CFAnnoying - as someone eluded to above, you are the epitome of persistence. DO NOT STOP NOW.
I probably would have quit after my 2nd failed attempt at Level 2, but there’s obviously something inside of you that wants to continue this journey and get to the top of the mountain. Trust, I know how you feel a little bit.
Level 1 (Dec: pass first attempt): I started studying for Level 1 a month after my first daughter was born. It was hard studying on sleepness nights with a full time job, but like you, i powered through it.
Level 2 (June, 4 months after receiving pass notice for Level 1: failed Band 5): I will never forget this test day. I got home around 6:30, my wife and daughter were eating dinner. Before I even put my backdown down, my wife tells me she’s pregnant with baby #2.
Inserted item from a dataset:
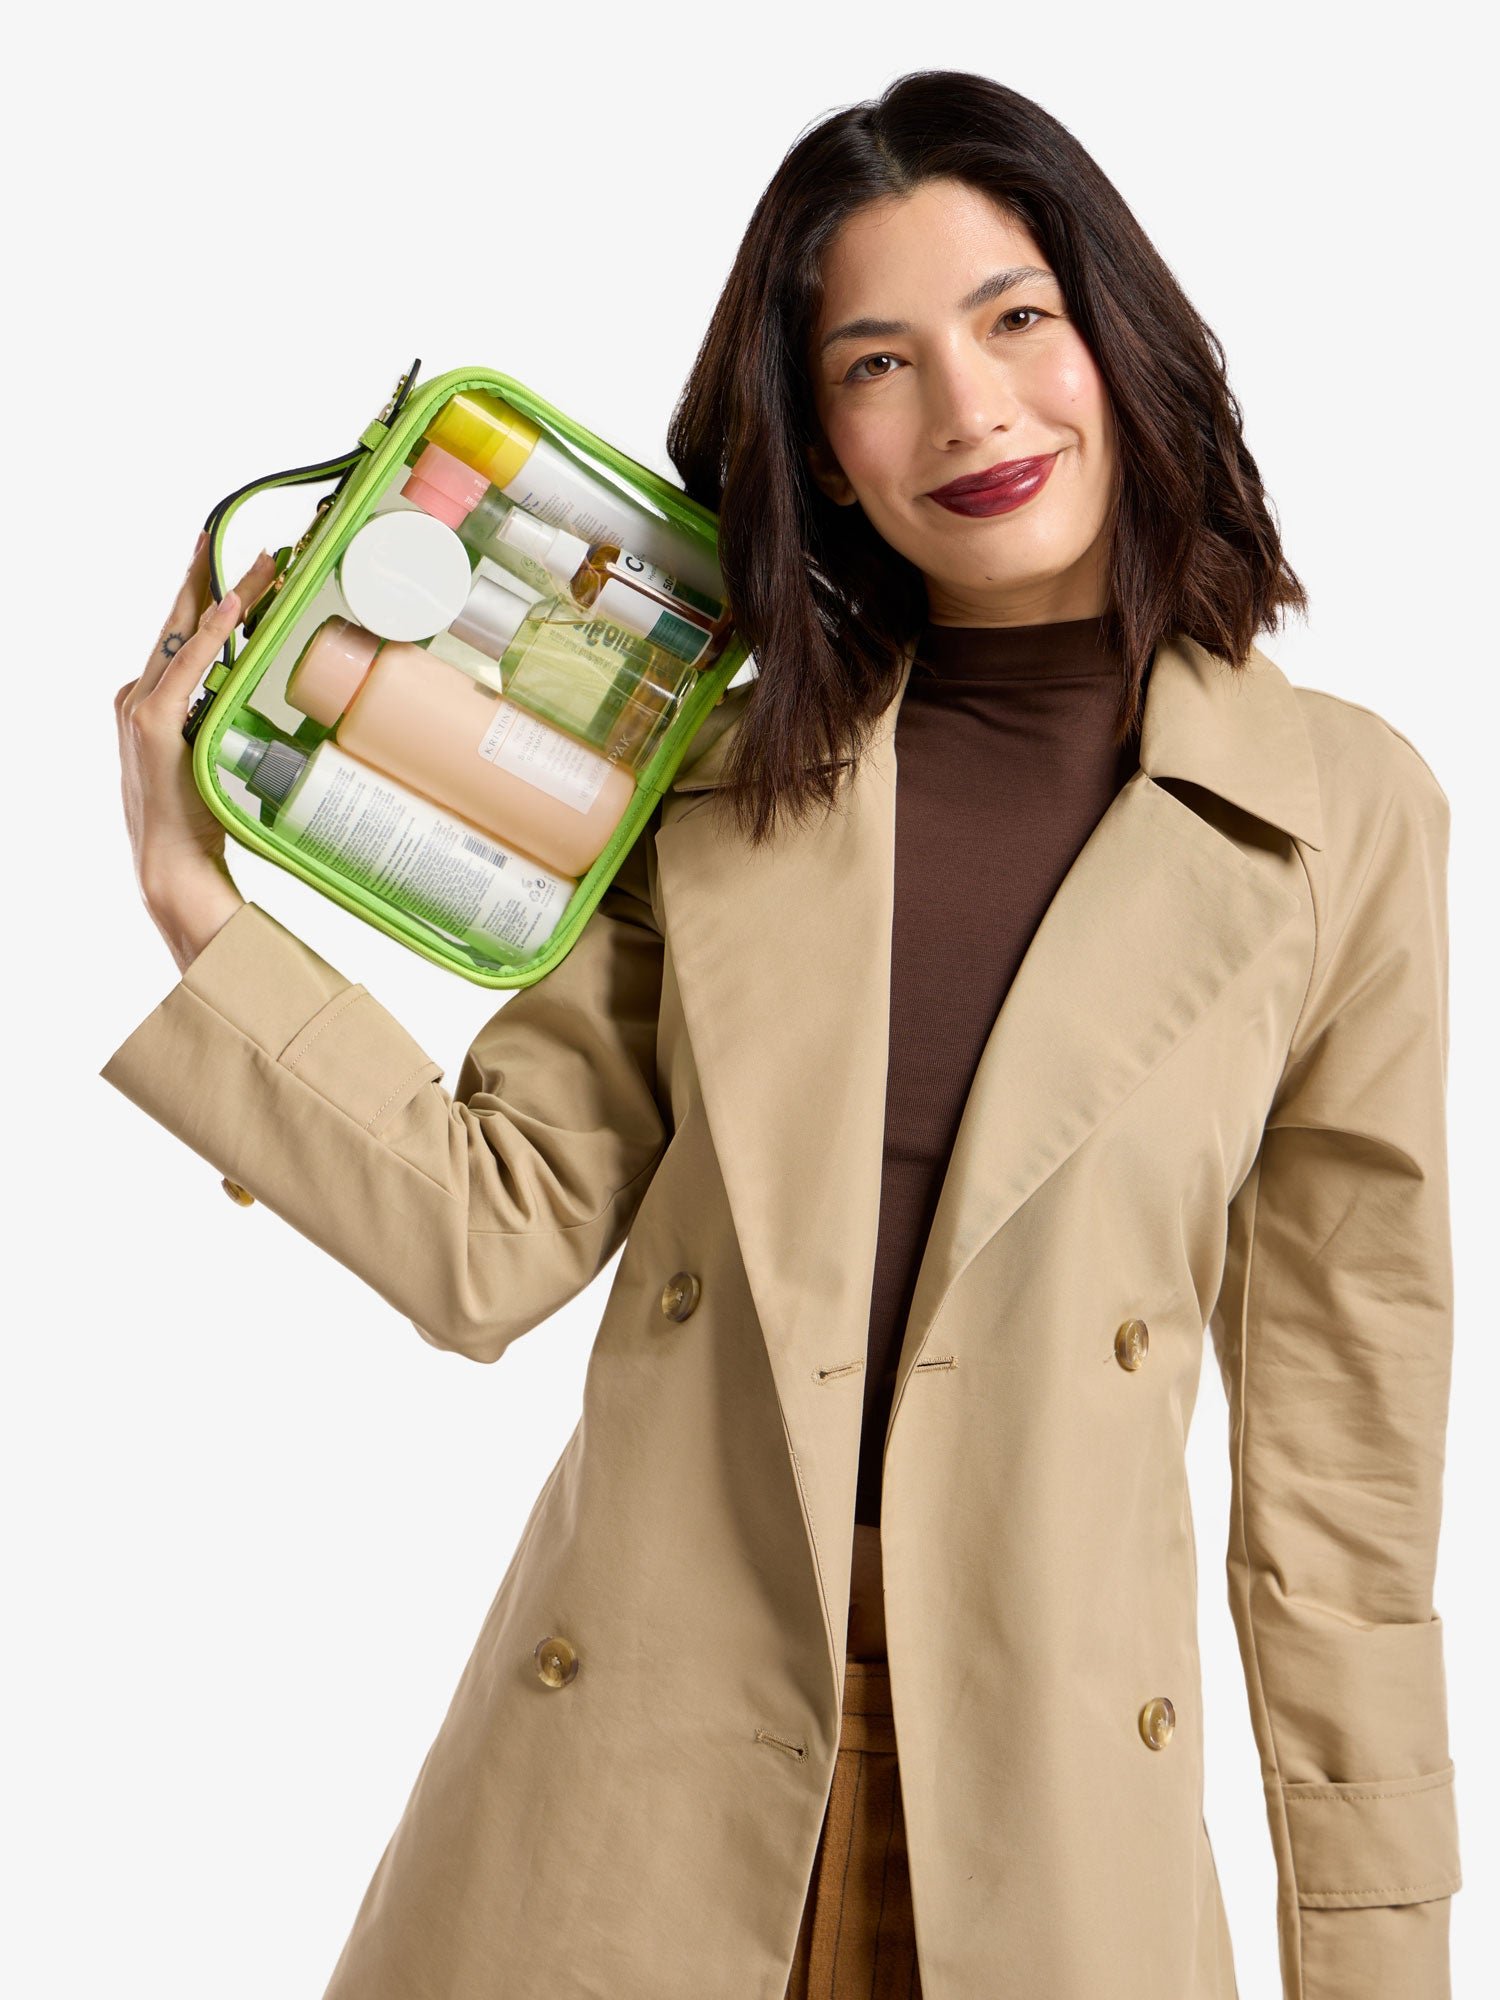 Model holding CALPAK medium clear cosmetic case in electric lime green

Level 2 (June; pass): This was the HARDEST part of my life to date. With a full time job, sleeping 4hrs/night, helping raise 2 beautiful little girls (my wife works also), and the EMOTIONAL struggle of not spending time with your children. I was where you are at this point. There were dozens of times I came home from work and told my wife, “I don’t think I can do this anymore.” But, sometthing inside me kept me going. Thankfully, I passed.
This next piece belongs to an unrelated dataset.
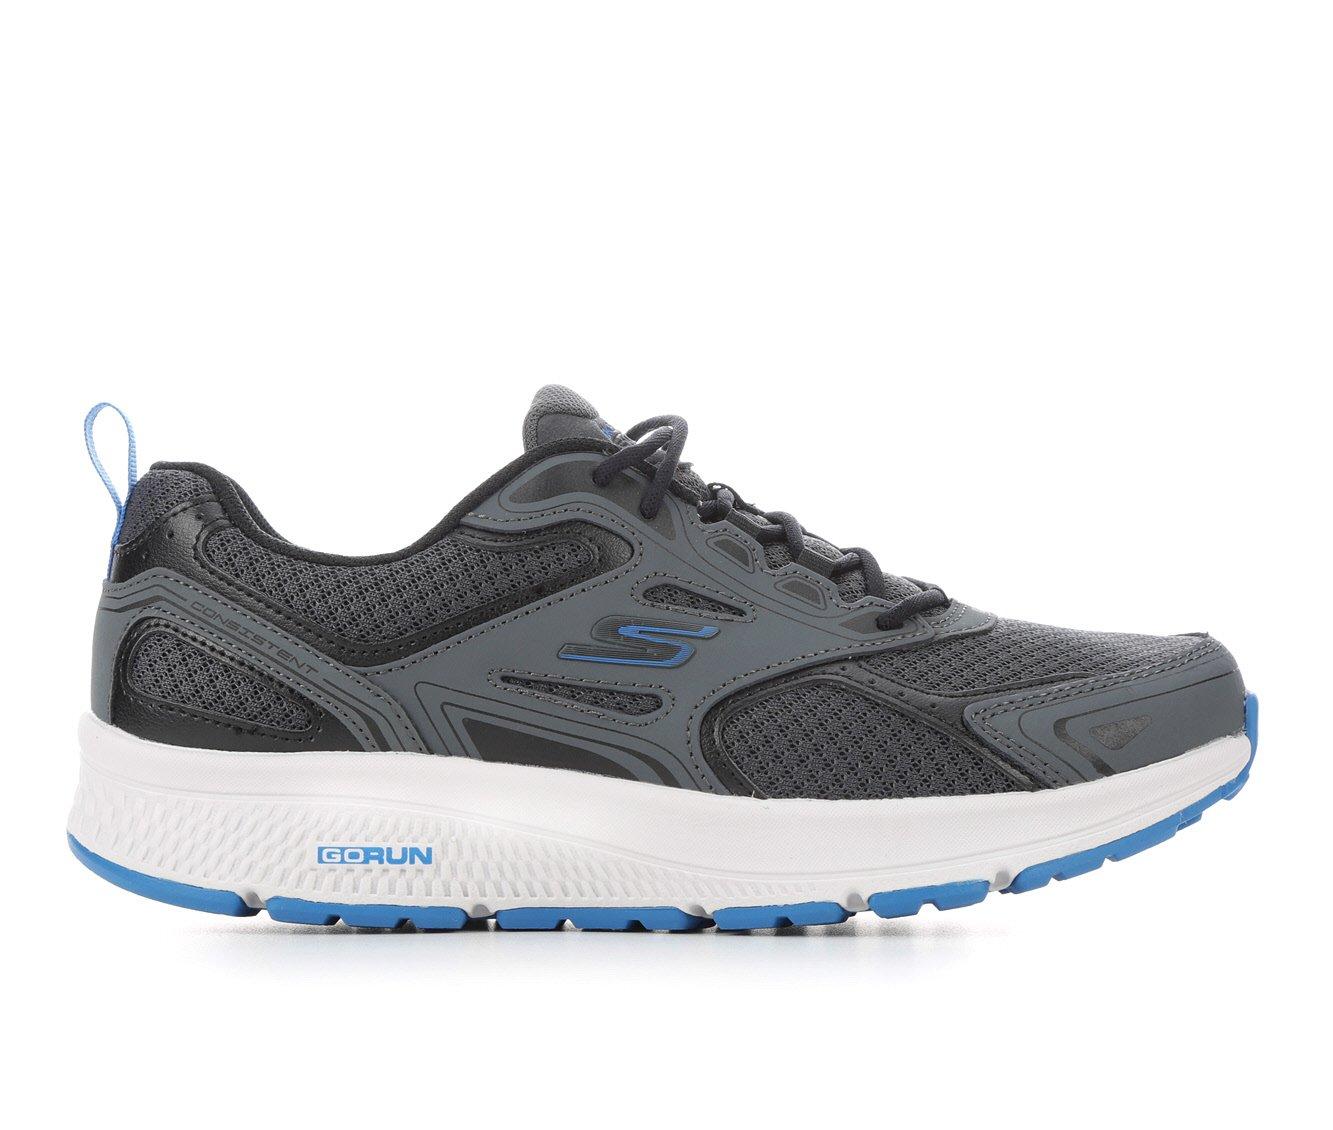 SKECHERS - Skechers GOrun Consistent™ is a well-cushioned

Level 3 (last June; failed Band 9): I have never cried harder in my life than the day I got my fail notice.
I have given my life the last 3 1/2 yrs, missed my kids, missed my family, my friends, my work suffered the last 3 yrs, I have put on 20 lbs since cracking my first L1 book. Now, raising 2 beautiful girls (and another one on the way - my wife is due 3 weeks after I sit for L3 this June), it is a constant struggle. But, the biggest thing keeping me going: 1) i am not letting this exam waste 4 yrs of my life. if i do not get the designation, it will have been a complete waste; 2) for all the ppl who told me i wasn’t smart enough to do this (myself included).
You do not want to look back yrs from now and regret not hopping back on the horse one last time. You will feel you have wasted 6 yrs of your life if you do not put all of your might, effort, gusto, whatever into passing Level 3.
My recommendation: relax til October, clear your head, etc. Starting November, commit yourself: failure is not an option.